OpenAI’s GPT Store and GPT Teams, launched last week, face early challenges with users creating chatbots that violate the platform’s usage policies. The store allows users to create customized versions of the popular ChatGPT tool for specific purposes. However, some users have used the customization potential to develop chatbots outside OpenAI’s guidelines.
Searching for “girlfriend” on the store yields surprising results: “Korean Girlfriend,” “Virtual Sweetheart,” and “Your AI girlfriend, Tsu,” among at least eight others. These bots violate OpenAI’s policy, which bans GPTs from fostering romantic companionship or engaging in “regulated activities.”
This isn’t a small trend. Relationship chatbots are surprisingly popular, with seven of the top 30 AI chatbot downloads in 2023 (US) being romance-related.
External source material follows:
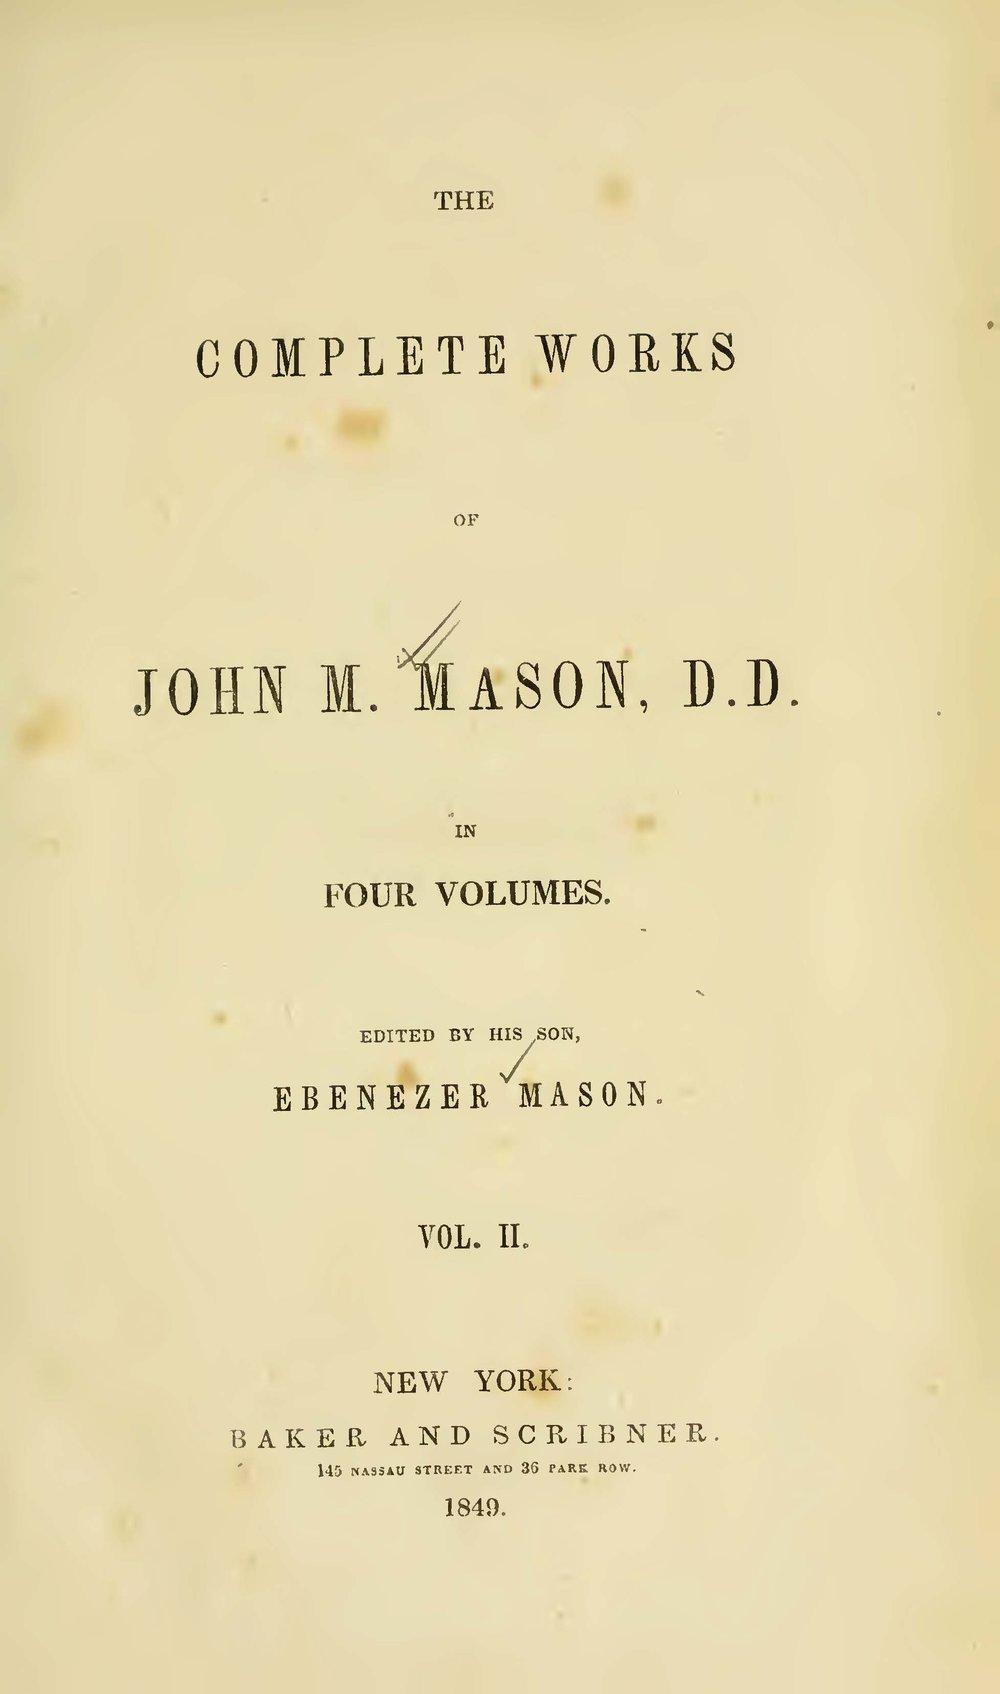 Mason, John Mitchell, The Complete Works of John M. Mason, D.D., Vol. 2 Title Page.jpg

As reported by the source, OpenAI is aware of the policy violations occurring at the GPT Store. The company employs automated systems, human review, and user reports to identify and assess potentially problematic GPTs. Possible consequences for violating policies include warnings, limitations on sharing functionalities, or exclusion from the GPT Store or monetization programs.
Not just this, a recent change in the policies means that armies and militaries can legally use ChatGPT.
The GPT Store experiment holds promise for AI innovation, but the “girlfriend” bot incident shows that regulation remains a crucial frontier.